Perhaps the constitutionality of North Carolina’s decision will be called into question, as in the case of California, and the courts will again overturn the will of the people. It seems conceivable that ultimately, the Supreme Court will decide the extent of state governments’ power to define marriage. We can only hope the Supreme Court justices avoid judicial activism.
Although the 9th Circuit Court declared that California cannot constitutionally ban same-sex marriage, notwithstanding the possibly valid reasons in its state constitution, the court’s justifications for the ruling stemming from the U.S. Constitution are questionable. Specifically, the court opined that a state’s banning of same-sex marriage would violate the 14th Amendment’s due process and equal protection clauses, but this is not the case.
The due process clause says no state shall ‘deprive any person of life, liberty or property without due process of law.’ Referencing this constitutional guarantee, the 9th Circuit Court’s opinion regarding Proposition 8 states ‘no compelling state interest justifies denying same-sex couples the fundamental right to marry.’ In other words, for the due process clause to apply, marriage must be a fundamental right. It must be specifically enumerated in the Constitution or recognized as a fundamental right by judicial precedent.
The equal protection clause forbids states from making laws denying ‘any person within its jurisdiction the equal protection of the laws.’ So, no state can make laws that use race as a determining factor for participation in a government service, meaning no state can make laws segregating marriage.
Similarly, because of equal protection, no state can make laws that bar people from something due to sexual orientation or gender. Because the ‘one man and one woman’ definition does not take sexual orientation into account, the law does not discriminate based on sexual preference. Traditional marriage laws apply to heterosexuals and homosexuals equally.

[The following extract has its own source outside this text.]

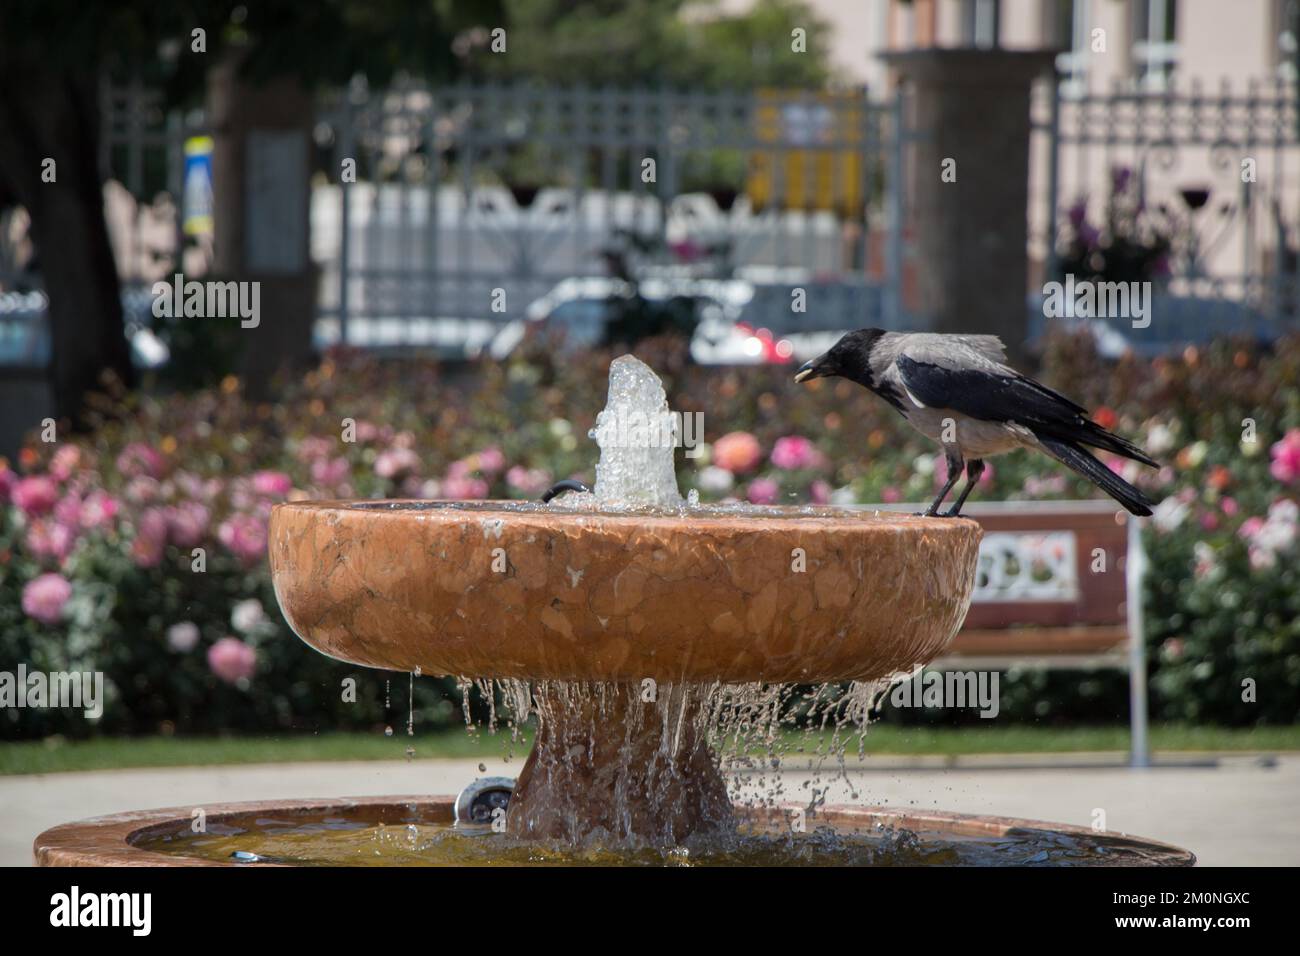 Crow by the side of gushing water in the rose garden Stock Photo
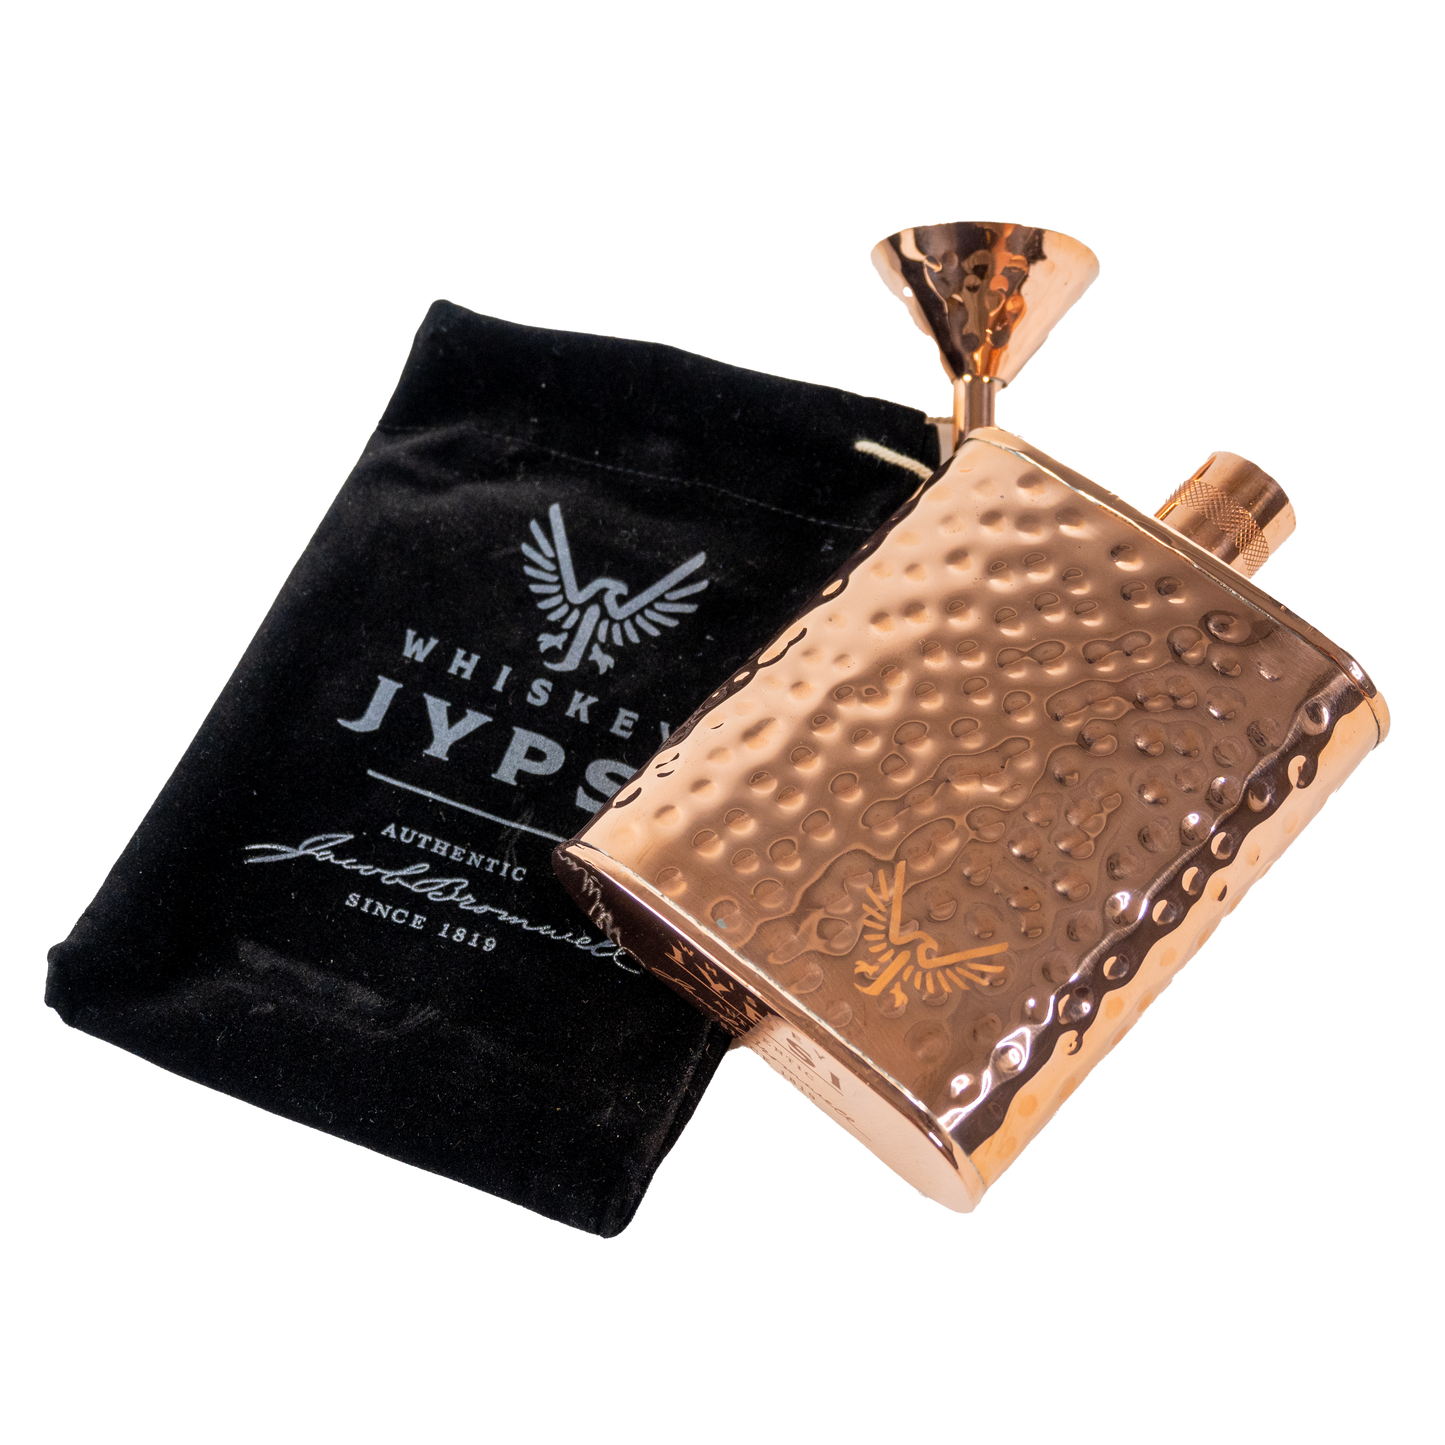 Whiskey JYPSI + Jacob Bromwell, Hammered Copper Flask

For example, in a state that only allows traditional marriage, a man, gay or straight, can only marry a woman. Furthermore, because that state does not bar either gender from participation, there is no gender discrimination.
Because the right to a government-recognized marriage is not enumerated in the original Constitution, Bill of Rights or the rest of the amendments, those claiming that marriage is a fundamental right, including the 9th Circuit, are not doing so on a constitutional basis. Because marriage is not a right specifically listed in the Constitution, the power to define marriage is reserved for the states.This power is derived from the 10th Amendment, which says: ‘The powers not delegated to the United States by the Constitution, nor prohibited by it to the States, are reserved to the States respectively, or to the people.’
Currently, the decision to recognize same-sex marriage rests at the state level. Because of this and because we are a union of many states that vary culturally in terms of faith and sensibilities, one state’s decision to block gay marriage should garner the same respect as another state’s decision to allow it.